# EnTTente Cordial Pictures!



## T7 BNW (Jul 20, 2008)

Ok.

I have a feeling a lot of people are waiting for this one!

EDIT

Click the link for Best of the Best.

http://www.enttentecordial.co.uk/gallery

To give you an idea of how great the weekend was, between the lot of us we had over 2000 pictures.

I didnt want to post all 2000 pictures on one thread, so instead of created 2000 threads  (only joking)

Ive have picked a bunch from the selection to put on the forum.

The FULL 2000+ Pictures can be found by clicking the link at the bottom of this post!

So Lets Begin:

Introducing the EnTTente Cordial Drivers!

SimonQS and AmiTT










Bikerz and Charlotte










Was and Lisa










RedScouse and Ka










TTrevor and Philip










RedRocketTT and Jamie










TTSDave and Erica










Rustyintegrale and Louise










TaTTy and Paula










Triplefan and Maria










Y3PUTT and Hayley (sorry i dont seem to have a better pic of you guys and the car!)










and Last but not least....

Me and Adam RRS in the support vehicle!


----------



## T7 BNW (Jul 20, 2008)

Some cool sequence shots!


----------



## T7 BNW (Jul 20, 2008)

Some Smart Shots


----------



## T7 BNW (Jul 20, 2008)

And for those who want to see ALL of the shots!

http://s388.photobucket.com/albums/oo33 ... 20Cordial/


----------



## T7 BNW (Jul 20, 2008)

There are some proper videos, that are being edited.... These will all come at a later date!


----------



## Hark (Aug 23, 2007)

Great shots. Favourite are the tunnel and the petrol station.


----------



## dimdim60_fr (Apr 6, 2009)

Thx Ben !

There are lot of nice shoots ! :twisted:


----------



## KammyTT (Jun 28, 2006)

love the tunnel shot, also the one of rich sticking his fingers up :lol:

wish i could have been there to follow that awesome support vehicle 

good job guys


----------



## SimonQS (Jul 21, 2008)

Great pictures Ben, that QS looks fast! :roll:


----------



## T7 BNW (Jul 20, 2008)

Its really hard to do the tour justice in a few photos!

It was AWESOME!

For those looking at these pics thinking..... I wanna join in on the next event.... Check this post out!

viewtopic.php?f=3&t=137801


----------



## dimdim60_fr (Apr 6, 2009)

SimonQS said:


> Great pictures Ben, that QS looks fast! :roll:


Simon your QS is beautiful !


----------



## Bikerz (Aug 23, 2008)

75 pages :lol:

Cheers Ben.

Trying to find Charlie's Nose :lol:


----------



## Icemanfr (Jan 10, 2006)

Thanks a lot guys !!!

It was a real pleasure to meet you! i really hope we will be able to do it again  
I had a very good contact with all of of you (yes all, even with the TTdi owner :lol: )

Thanks a lot for all the laughs and for all the miles done.

I'm looking forward to seeing all of you again.

David aka Iceman aka official translator for the enTTente cordiale :lol:


----------



## sheppyk (Mar 30, 2009)

Lol that is one hell of a lot of pictures lol looked like a quality trip though definately coming to the next one!


----------



## T7 BNW (Jul 20, 2008)

This is my favorite photo!!! Of course it would be as its one i took!


----------



## ross2280 (May 11, 2005)

Guys this is so cool... Such nice pics, and some faces to some long known names!!! 
You had a blast!


----------



## Singletrack (Aug 1, 2007)

Looks like you guys had a great weekend.

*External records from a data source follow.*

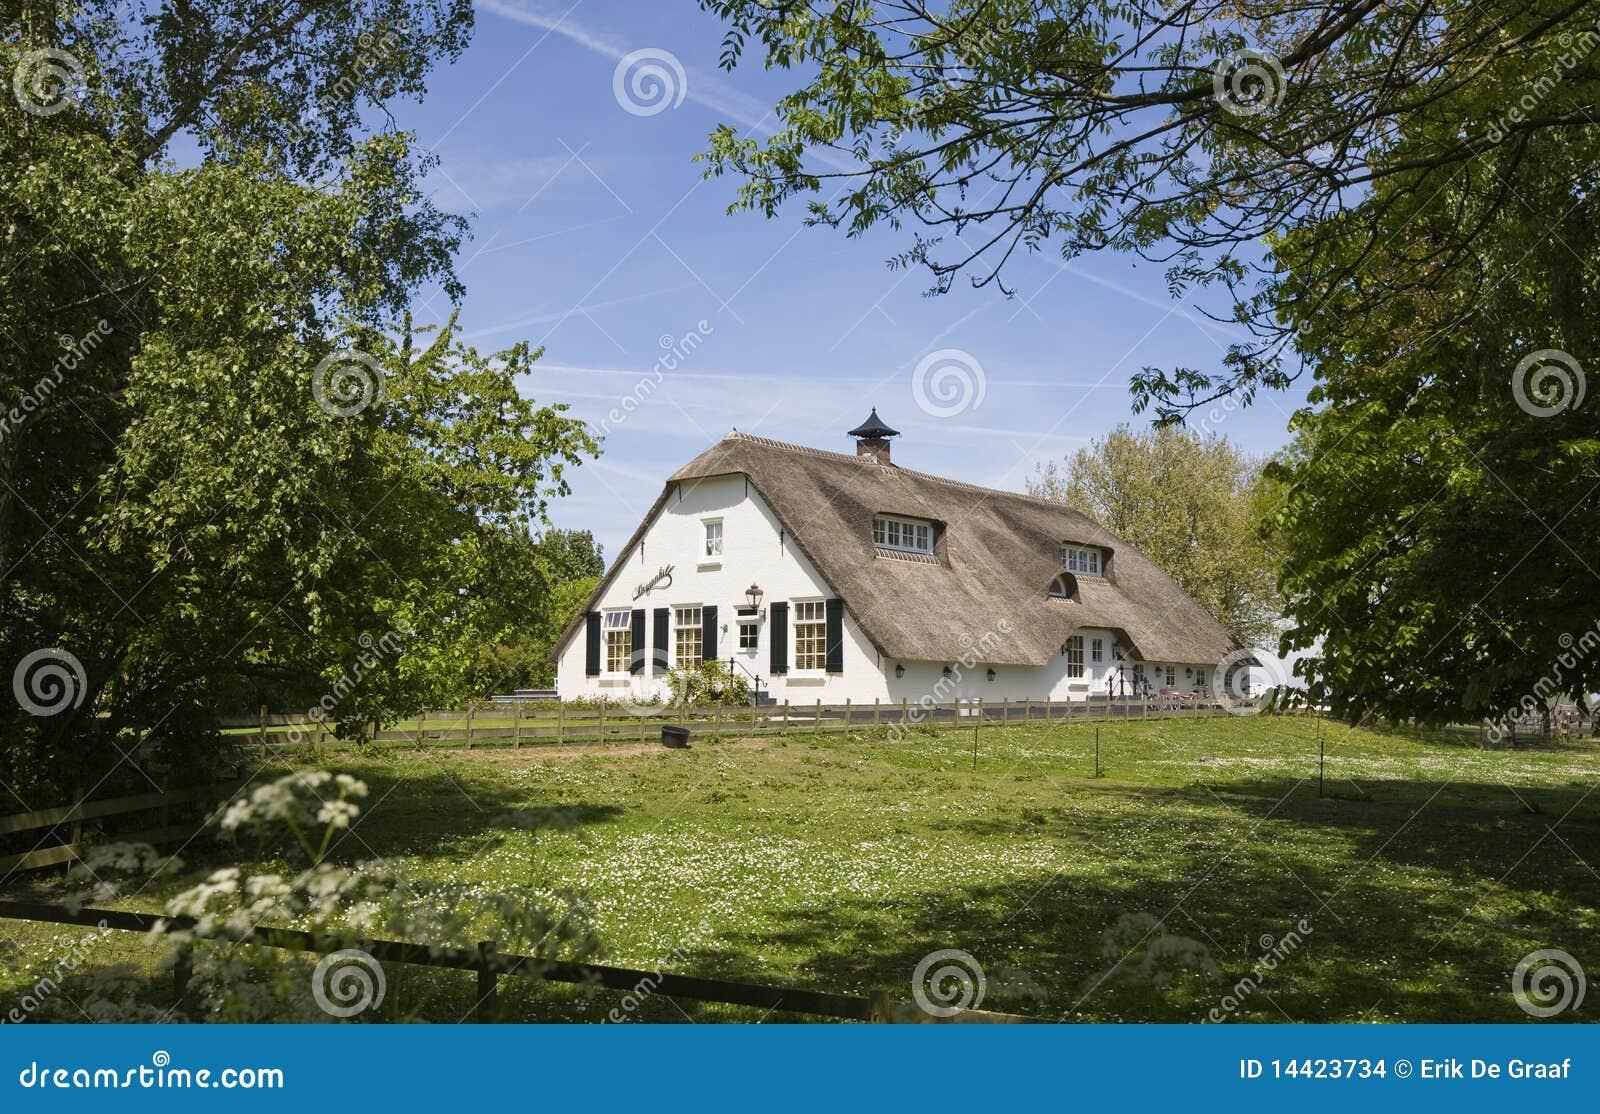 Dutch farm house stock images image 14423734 for Farm house netherlands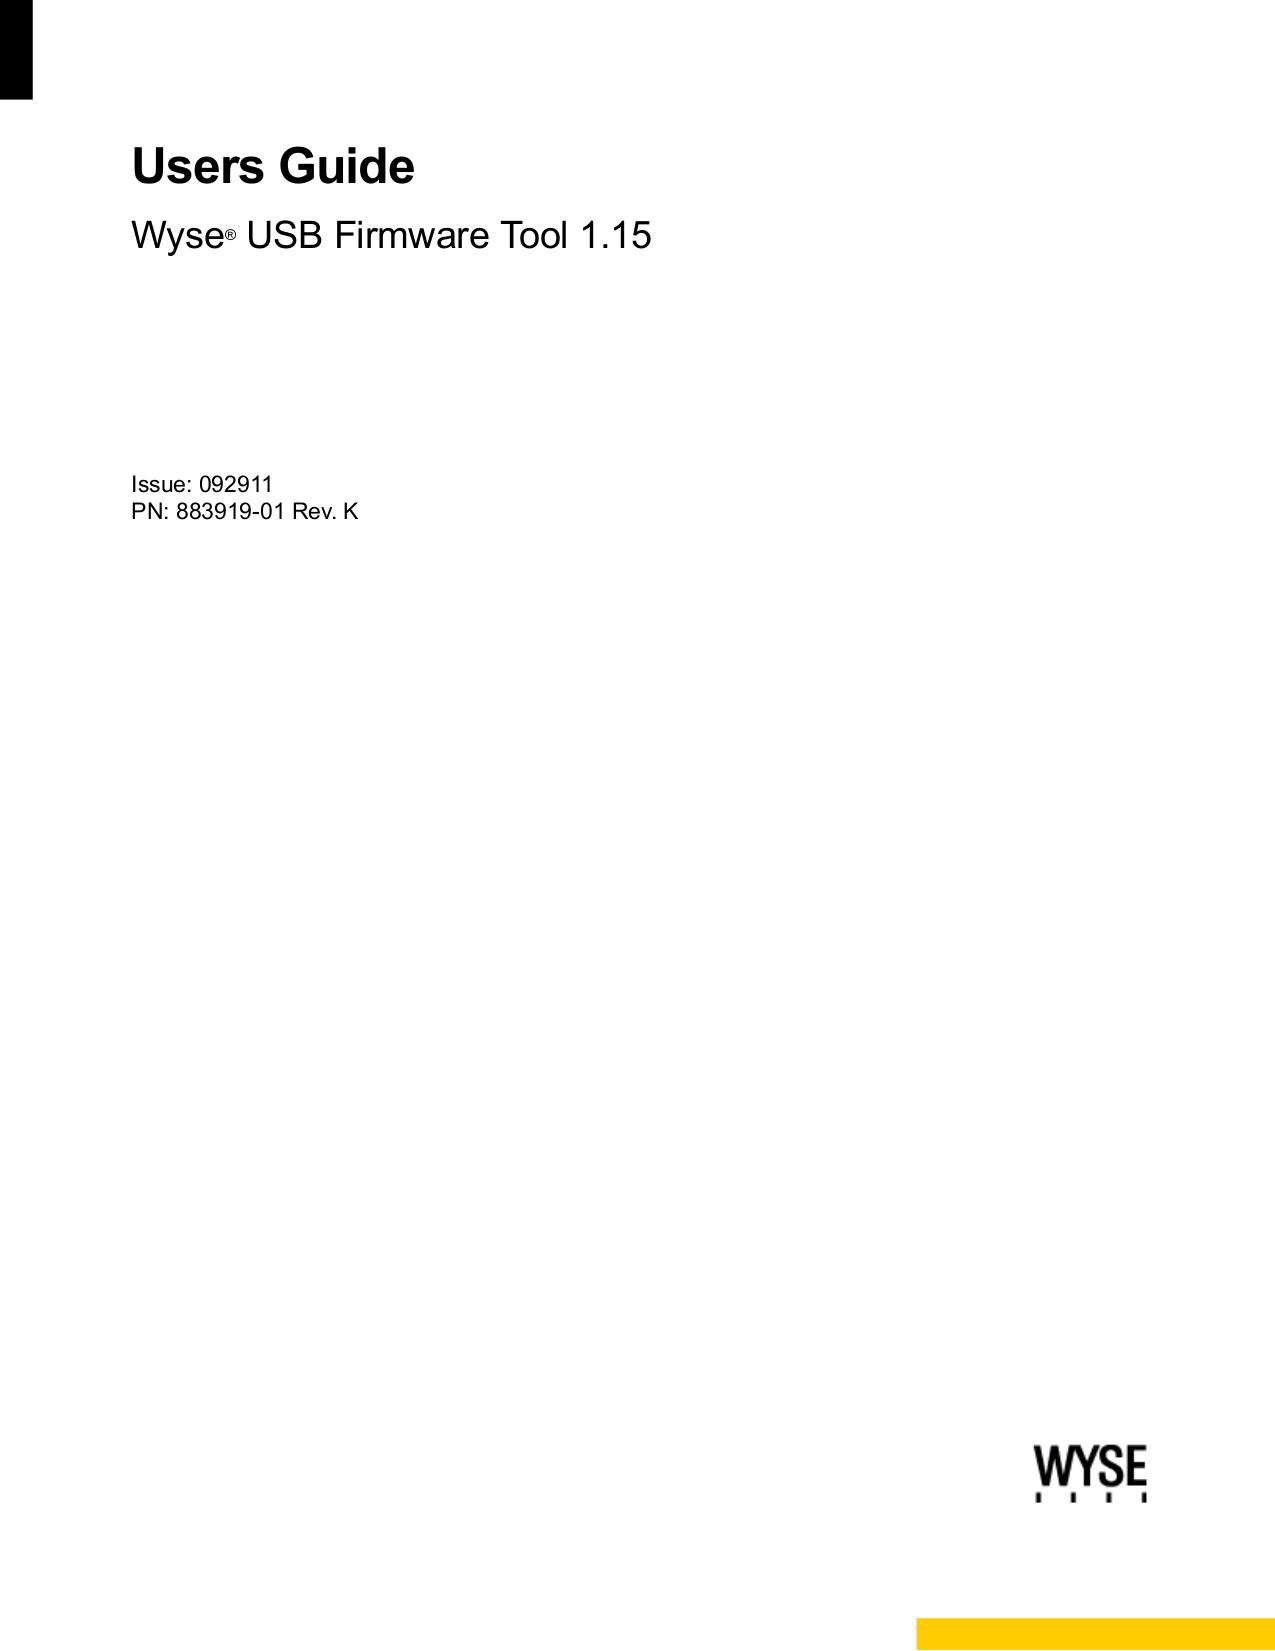 pdf for Wyse Desktop Viance manual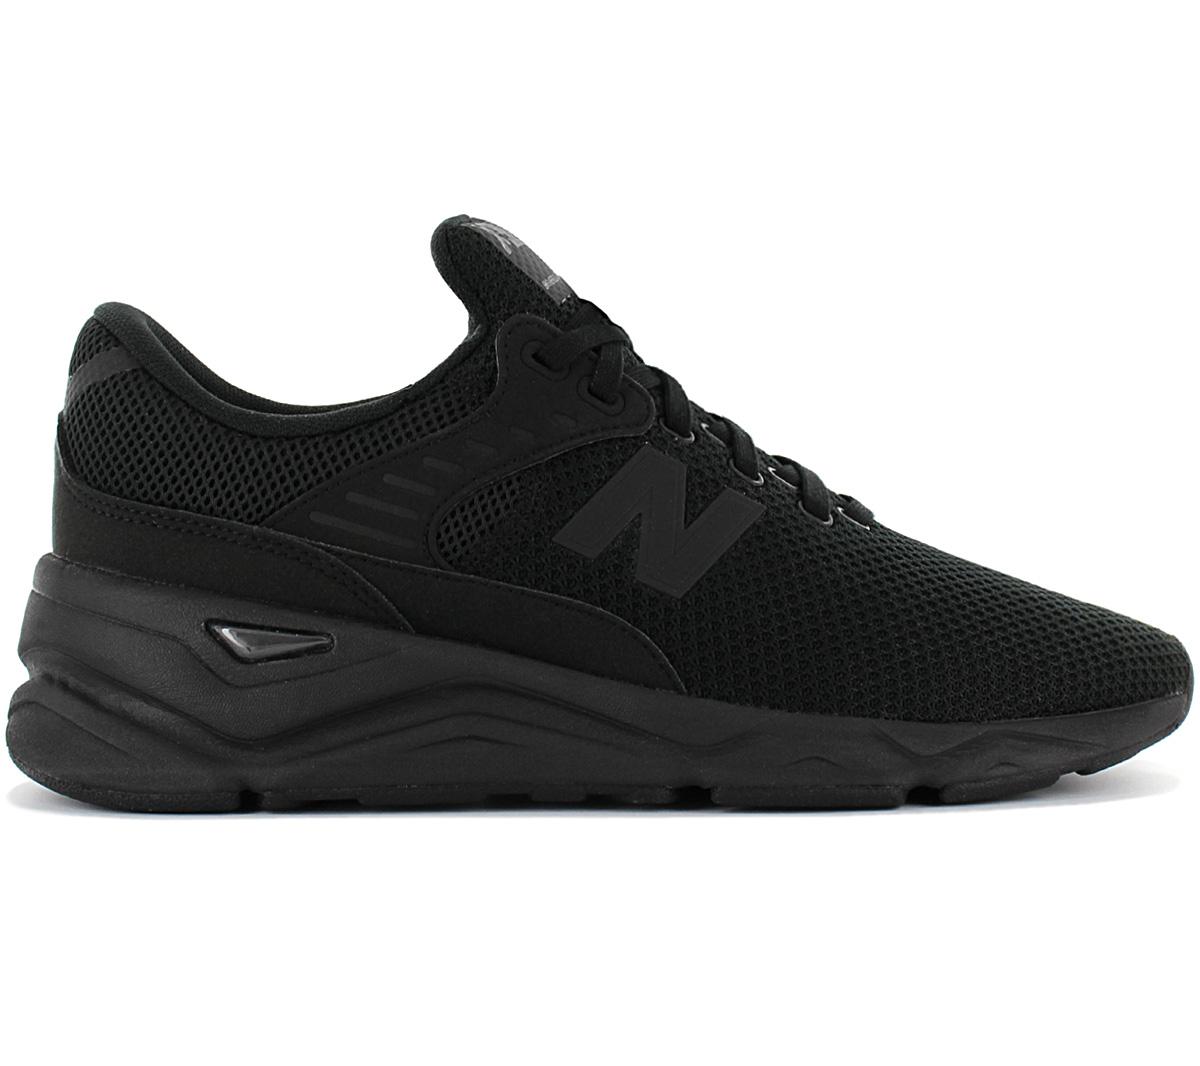 enorme inventaris outlet te koop nieuwe lijst Details about New balance X-90 Men's Sneaker MSX90CRE Black Shoes Trainers  Sports Shoes X90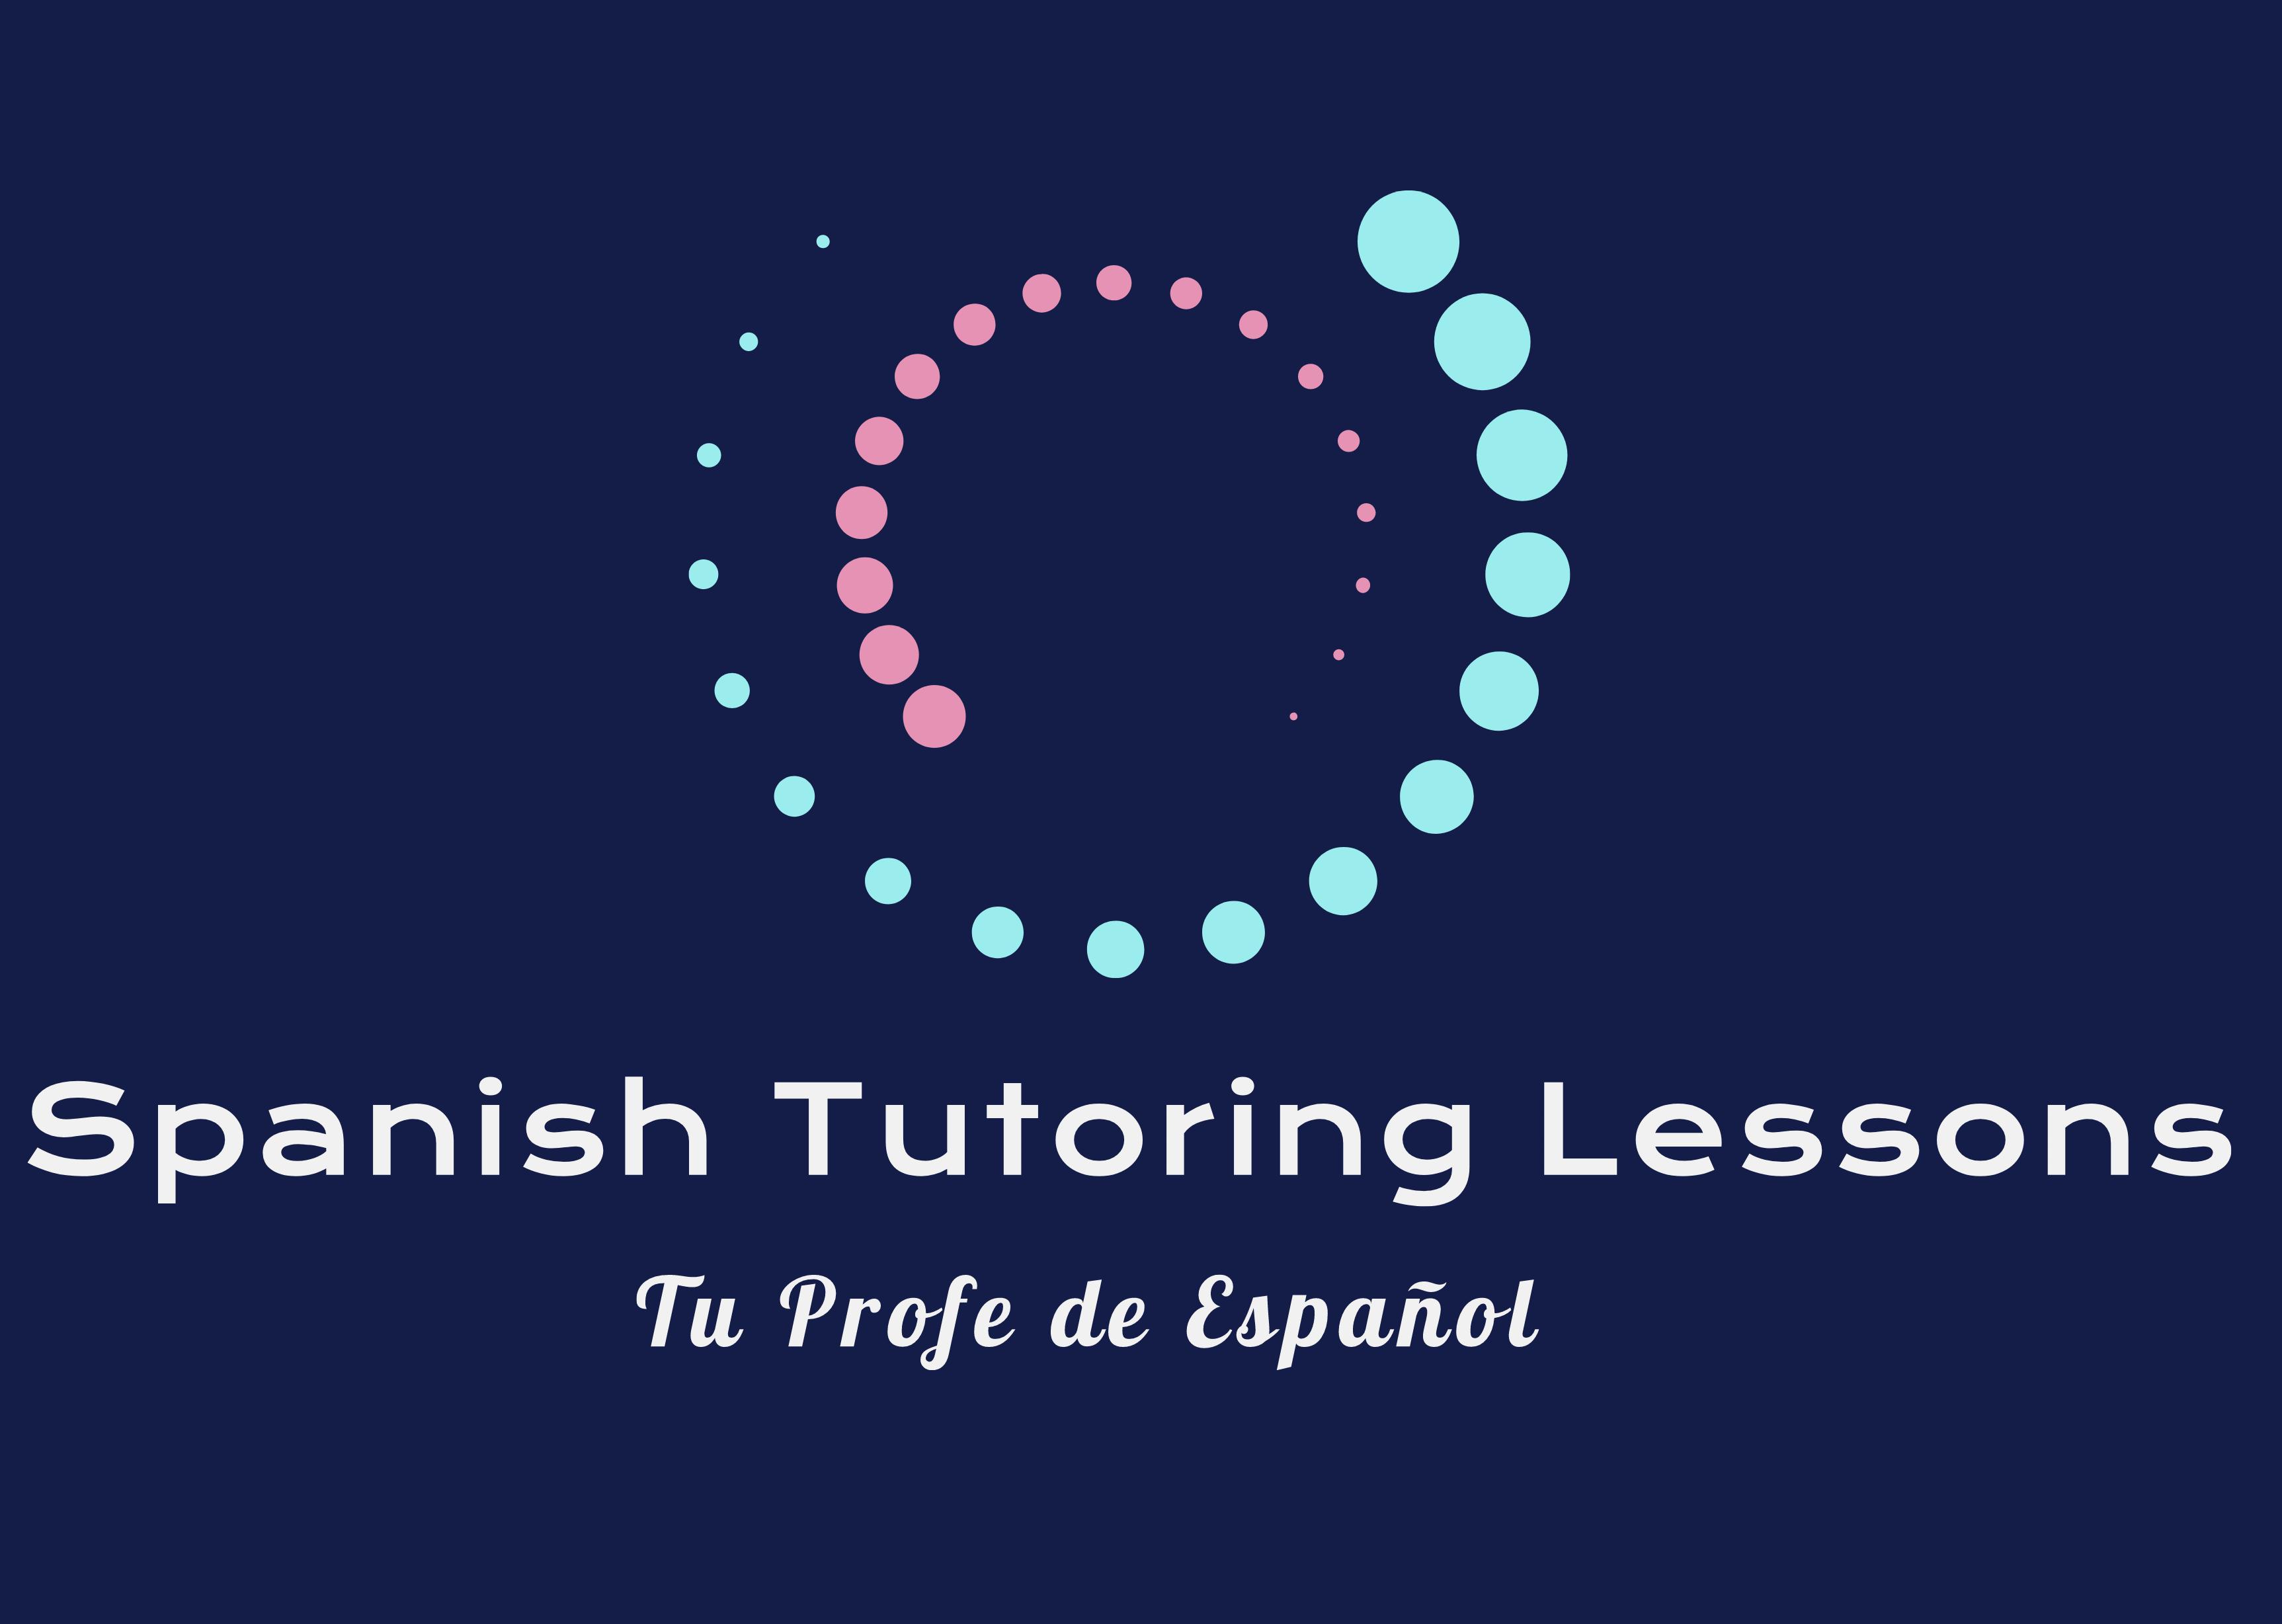 Spanish Tutoring Lessons

Terrific photos. Makes me wish I could have made it  . Next time I guess....


----------



## Kai (Apr 6, 2009)

Sorry for the wait.
Here's my lot of photos

Full set is here: http://www.flickr.com/photos/bravotek/sets/72157616348403087/

Here be a selection from the set for your viewing pleasure.
For the relevant photos, captions on a post card please


----------



## T7 BNW (Jul 20, 2008)

Awesom Kai, JUST AWESOME!!

Im soo glad your coming to Italy!


----------



## Adam RRS (May 25, 2006)

Hi Ben

I've just been through your photobucket and would appreciate it if you could blank out all the number plates....

:lol: :lol: :lol: :lol: :lol: :lol: :lol:


----------



## T7 BNW (Jul 20, 2008)

Not happening!!!!

Sorry!

And if you have enough time to be going through ALL those photos this morning, then you should be the one doing the organising of the next event, not me!


----------



## T7 BNW (Jul 20, 2008)

Alright Who's lights need doing next?










I put my head out the window at speed, now i cant take this look off my face!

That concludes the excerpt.